Полёт совы - [18]
Эдик принёс вилок капусты:
— Не сказать, что упитанное свинство, так… супорось доходная… Доходная… доходная… На чём? Доходная, доходная… А! Доходят они до поворотка, где колидор ломатся, — Эдя показал его изгиб ладонью на ребро, — а там такие коньячины, что каждый можно в ломбард заложить и на всё положить: сто лет жить безбедно и припеваючи, хе-хе. А после поворота там старина аж… заваривается! Вековая! — рыкнул Эдя. — Аж в глазах от неё мутно. А барон тогда цопэ с полки пузырь, пузатый такой. Открывает… наливает… а там… м-м-м… — а там така-ая вкуснятина, что аж плакать хочется. Такой букет, что хоть ложи его в пакет, ха-ха! Но барон его затыкат и бац на полку, мол, это так… ерунда. Разминка перед боем. Мол, вот там да-а-альше — да! Там действительно букет. А это так… прошлогодняя солома. Дудка с Нижней Кулижки. А наш-то Зять с удовольствием бы посидел на такой Кулижке, он бы встал на ней станом и ещё бы бычков взял на передержку, а сам бы, как конь, матадором ишачил до самых зазимкав, ан нет — дудки, хе-хе! Барон тащит дальше и дальше. — Эдя окончательно нашёл ноту, и она рвалась в бой. Он всё больше распалялся и рубил рукой, как лопаткой: — И они всё пробуют и пробуют. И вдруг Зять чувствует, — Эдя настороженно поднял указательный палец, — что пойло-то уже не то пошло, что пусть оно и старше, но как-то резче становится… Что горчат эти выдержанные хвалёные сортовые коньяки — как… эээ… — Он уже привык, что слова сами подскакивают в нужный момент… — Как… эээ… на солнце тальники[1], и чем дале, тем боле… А дон-гвидон волокёт его дальше, а там уже не просто горчит — там де-рёт. Да не то что дерёт, там просто задирает, не хуже, чем спирту нашей тётки Натальи с Нижнего Взвозу. Видать, пе-ре-стояли они… — Он поднял свой безотказный палец: — Потому что всё на белом свете… вовремя должно быть вы-пи-то! Подняли!

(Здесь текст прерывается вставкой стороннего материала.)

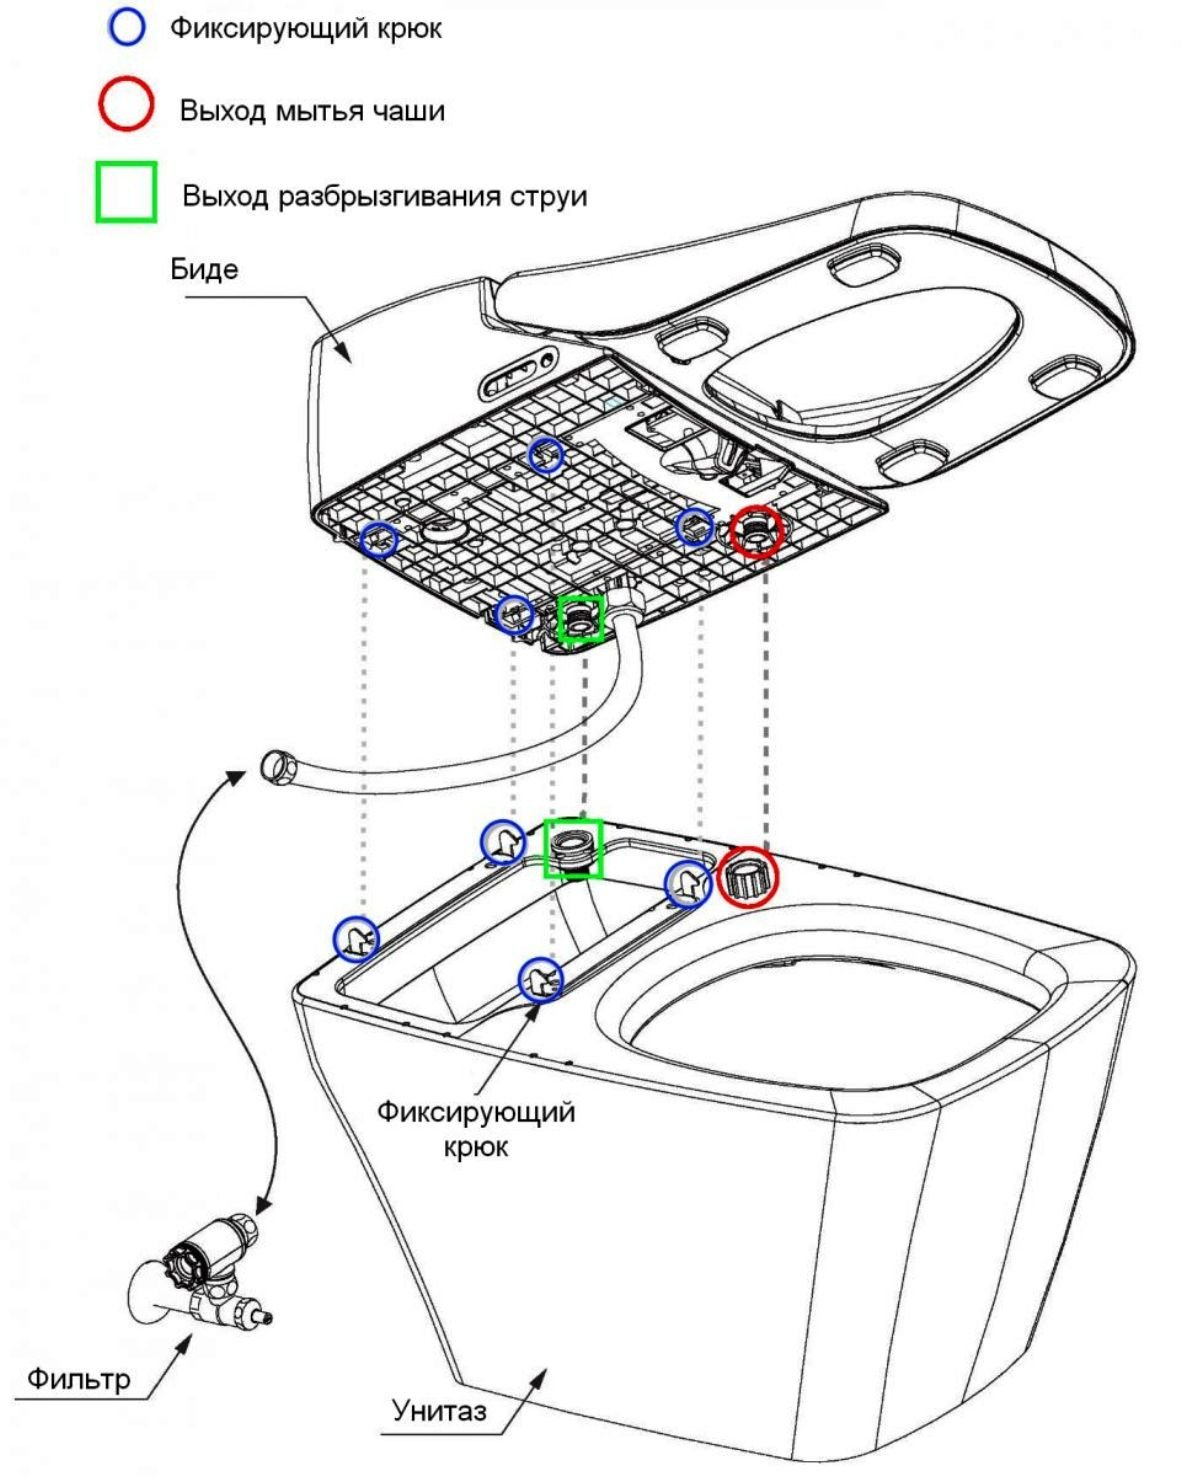 схема устройства крышки-биде

— Да ну, так не может быть.
— Да как не может?! — вскричал, возмущенно жуя капусту и ходя желваками, Эдя, так что несколько крошек вылетело мне в лицо. — Я тоже думал — не может. Может! И ещё как! В том-то всё и дело, что может!
— Так там же купаж!
— Купашь коней у лиственей… — подавшись ко мне, грозно продекламировал Эдя: — А там Европа! И дону охота, чтобы Зятю понравилось. А Зятю-то оно всё вот уже где! — Эдя провёл по горлу: — Оно уже вообще не по Зя-тю! И Зять, а его, я тебе скажу, на мякине не взять, видит каменный столбушок — а ну-ка, ходи сюда! — Он изобразил пальцем призвание Зятем столба. — И цепляется за столбушок одной ручищей, а другой хвать барона за шкварник: «Куда ты меня таш-шышь, дон ты мой дорогой, отпинать тебя ногой? Ты куда несёсся, испанский ты дон человек? Чалдон ты испанский! Я хоть чалдон сибирский и зять тувинский, а и то понимаю, чо к чему. Ведь так же хорошо всё шло! Такой был путний коньяк, там, коло поворота в дымные эпохи. И уже не помню, сколь на нём звёзд, но все бы наши были. Самый букет! Разъедри твой этикет! И теперь ответь: куда мы с тобой ломимся, как будто за нами гонятся шатучие медведя?! А? Медвядя шатучия, дикие да злючия! Мы ково потеряли? Ково мы ломились, когда надо было никуда не ломиться и спокойно сесть на тубареточку, спокойно открыть ту самую поглянувшуюся бутылочку и с нею в обнимочку просто-напросто спокойно па-си-деть! Вот так как мы с тобой сейчас и делаем, досточтимый дон Сергуччио… дон Сергундо де Свиноперевозо, э-э-э… дон синьор Хряко де Кабано… эль Хрюкотранспортирадо!» — И он поднял крышку от термоса: — Хрюко!
Заковыристый тост, видимо, традиционно прилагался к истёртой бутылочке.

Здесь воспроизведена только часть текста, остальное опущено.